Но городские площади пусты. Улицы горбатятся от засыпанных землей обломков. Высятся неровные бугры, и зияют воронки на месте бывших домов… Кирпичный развал, разноцветные россыпи поливы, облупившиеся бирюзовые куполки уцелевших мечетей и мазаров. И тишина, многозначительная, беспристрастная тишина пустыни.
Русла Даудана и Дарьялыка заросли когтистыми кустарниками. Сквозь них и не продерешься без топора. Эта живая щетка турангила, гребенщика — «воспоминание» пустыни о воде, которая текла тут триста лет назад. Самые недавние по времени «земли древнего орошения».
О всех встречах, неожиданностях, открытиях в пустыне и не расскажешь. За долгие годы пустыня стала нашим «домом». Пустыня — изнемогающая под знойным тусклым небом и свирепеющая от буранов и смерчей, пустыня — кроткая, смягчен^ ная фиолетовыми тенями в прохладные, утренние часы, пустыня — под ливнями и грозами, с буйной нежностью цветущая весной и обжигающе-ярко — осенью; пустыня — зловещая в лиловато-багровых отблесках закатов, когда барханы лежат, как окровавленные туши на гигантской бойне, пустыня — ржаво-блеклая под низкими облаками «северного» неба, пустыня — под снегом, подо льдом, со снежинками, тающими на роскошных, как у кинозвезд, верблюжьих ресницах…
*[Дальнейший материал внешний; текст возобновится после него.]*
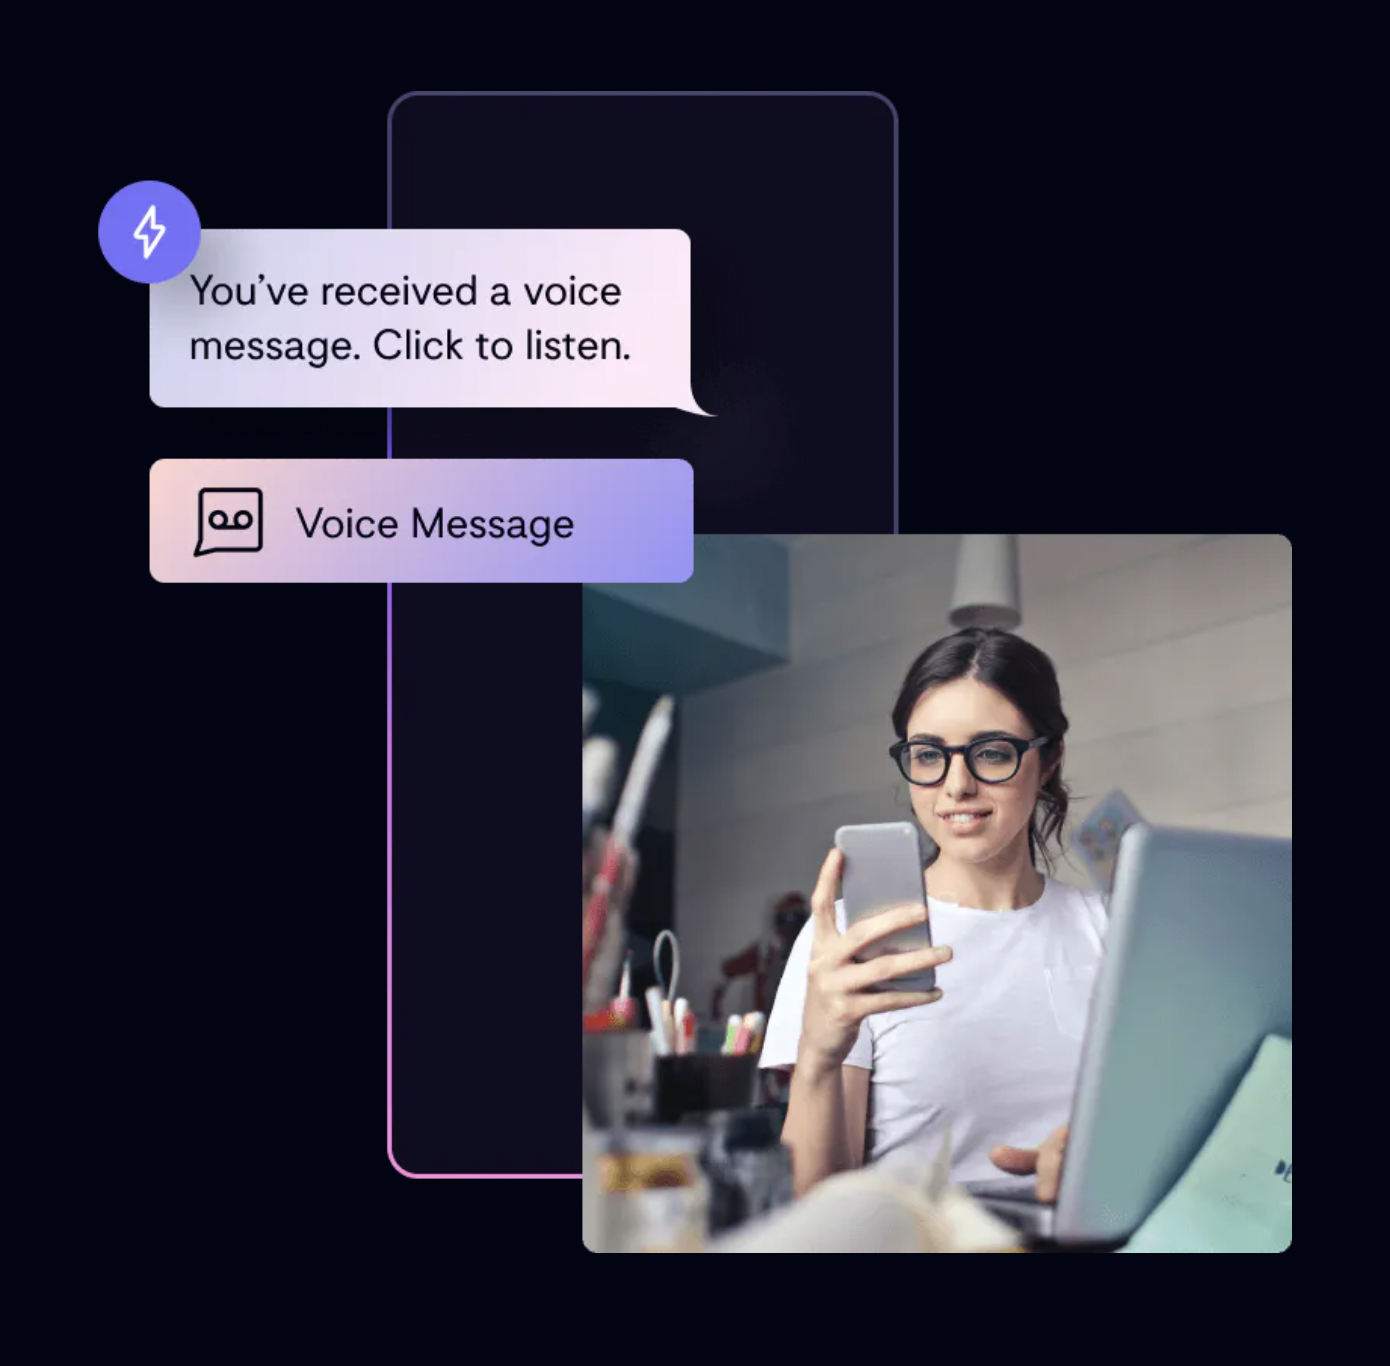 Whatever the scenario, Whispir makes it easy for you to customise your business flows. Create unique voice messages or text your audience and have it relayed via spoken voice.

Но мы люди! Нас больше всего- привлекает и интересует в пустыне то, что не пустыня.
Пустыня — это днем! А ночью уж где-нибудь да светится трепетная звездочка человечьего костра. Геологи, или геодезисты, или сейсмологи. Может, чабаны, а то и бурильщики колодцев. — Колодцев и самоизливающихся скважин с каждым годом становится все больше на наших бездорожных путях.
Огромными Лавинами проползают по пустыне овечьи отары. И долго не оседает пыль над их следами. Пустыне очень не хочется забывать, что ее коснулся кто-то живой.
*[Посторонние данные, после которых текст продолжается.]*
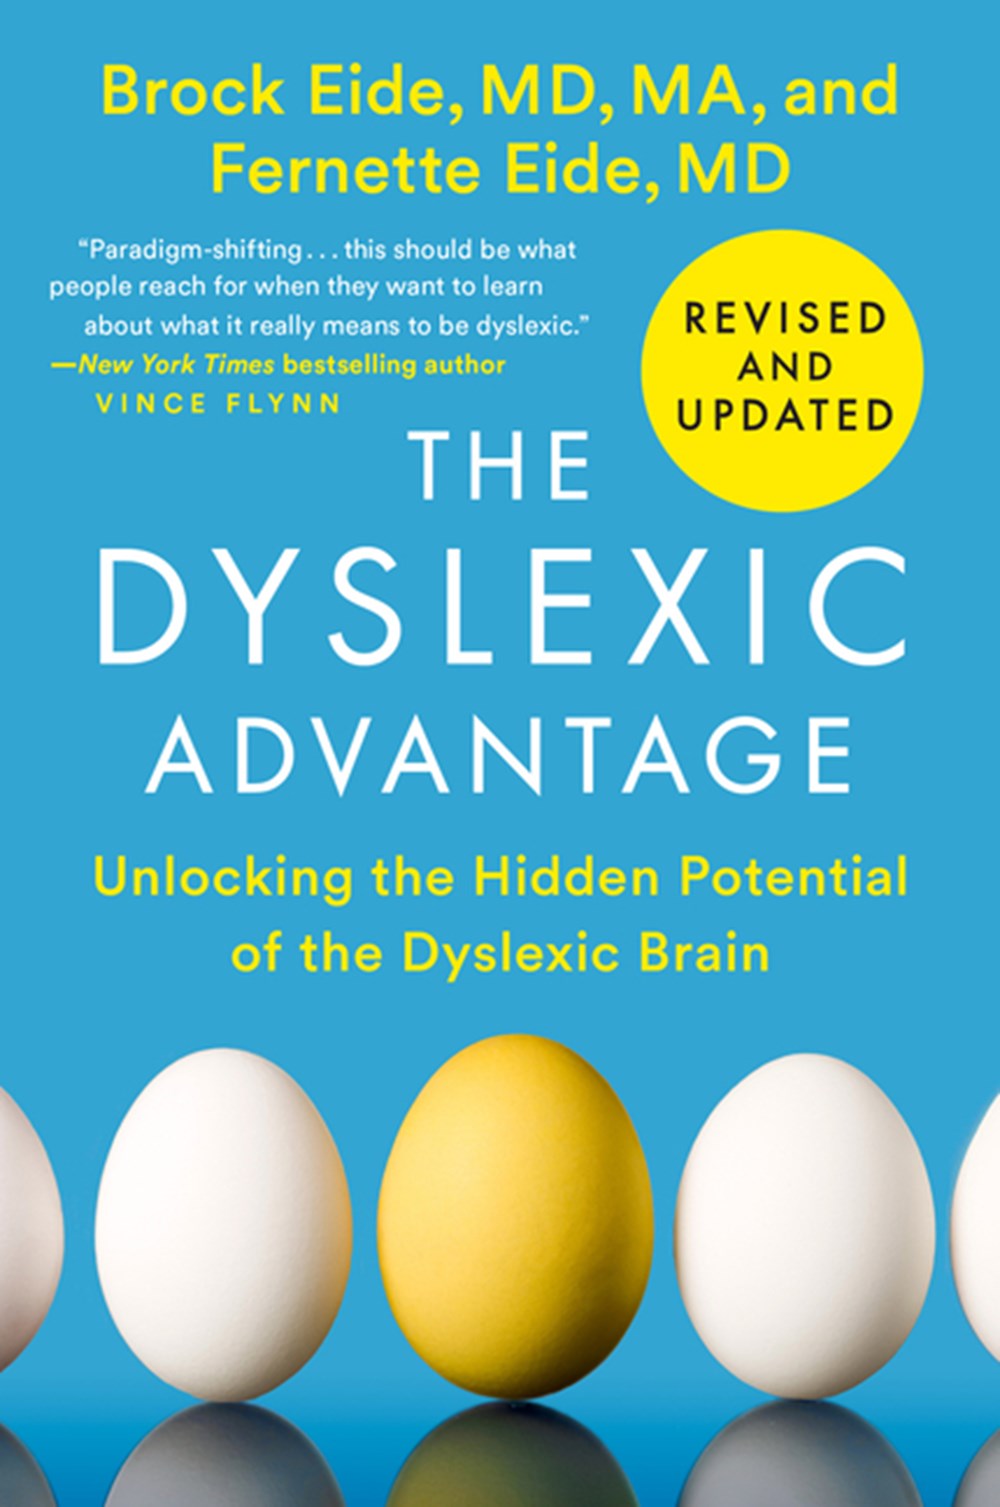 Dyslexic Advantage (Revised and Updated): Unlocking the Hidden Potential of the Dyslexic Brain

У колодца наши машины послушно выстраиваются в очередь за вереницей верблюдов. И это единственная очередь, которую даже Коля Горин не пытается обогнать. («Шину, может, и не прокусят, да хуже — оплюют!»)
Осень. Стада переселяются в утепленные загоны. Население спешно готовится к перекочевке. Но вместо традиционных верблюдов чабаны ловко завьючивают «ГАЗ-АА», «ГАЗ-6З», «ГАЗ-51». Быстрее и удобнее. Конечно, стада перекочевывают пешим ходом. Но в кузов машины усадили и одного верблюда. Ему что-то нездоровилось последние дни.
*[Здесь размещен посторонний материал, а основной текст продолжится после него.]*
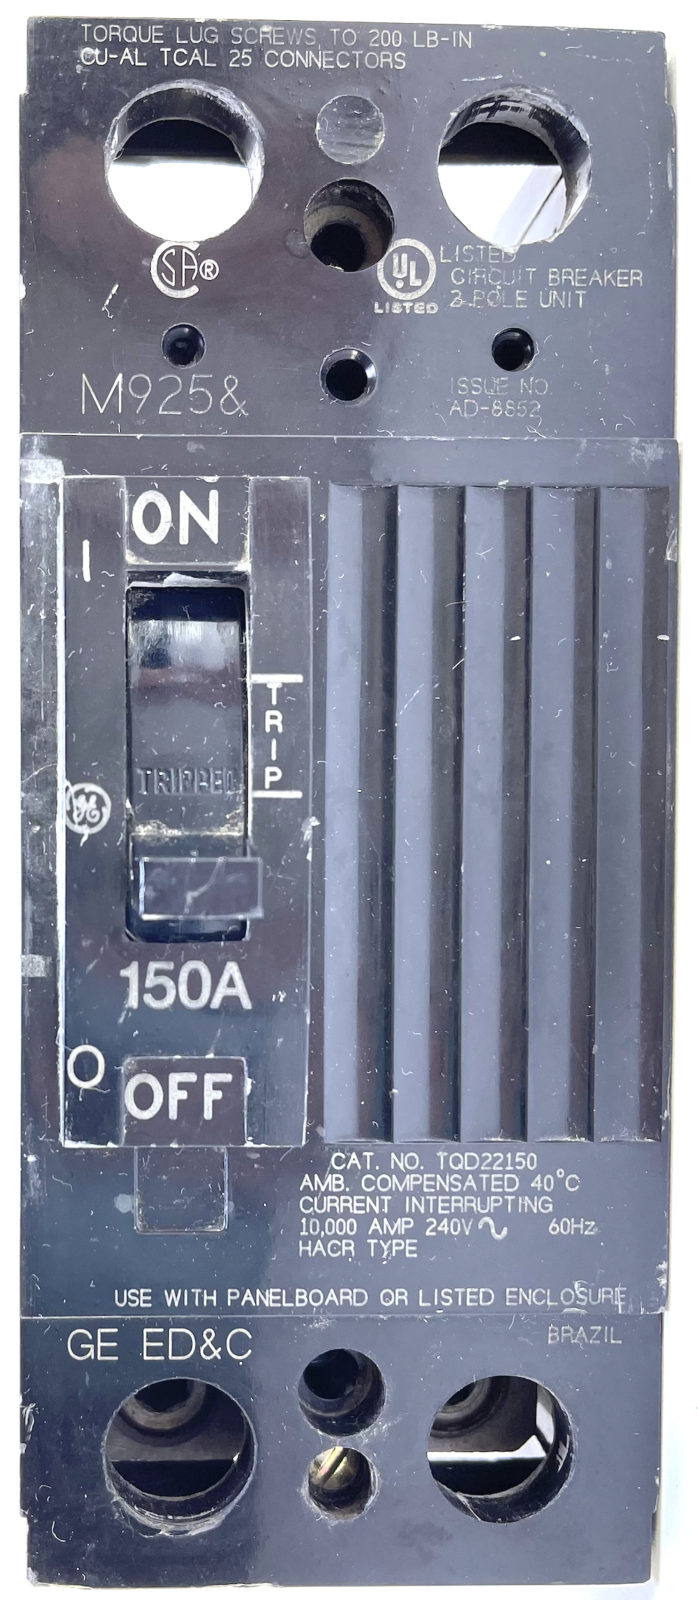 GE General Electric TQD22150 150 Amp 2 Pole Phase 240 VAC Circuit Breaker 150a for sale online

Технику в пустыне освоили не только верблюды, но и миражи. Нам случалось «догонять» караваны машин, которые сначала, как и мы, благопристойно- катили по такырам. Но потом поднимались над горизонтом и медленно таяли в воздухе.
Там, где чинк Устюрта разламывается на голубоватые террасы и крутыми ступенями сбегает на дно долины, там на одной из тесных площадочек прилепился странный цветок с раскрывшейся многолепестковой чашечкой.
Мы знаем, что в действительности не существует растений таких размеров; понимаем, что не бывает цветов из глины, а главное — что здесь давно ничего не растет. Озера мертвы и русла тоже.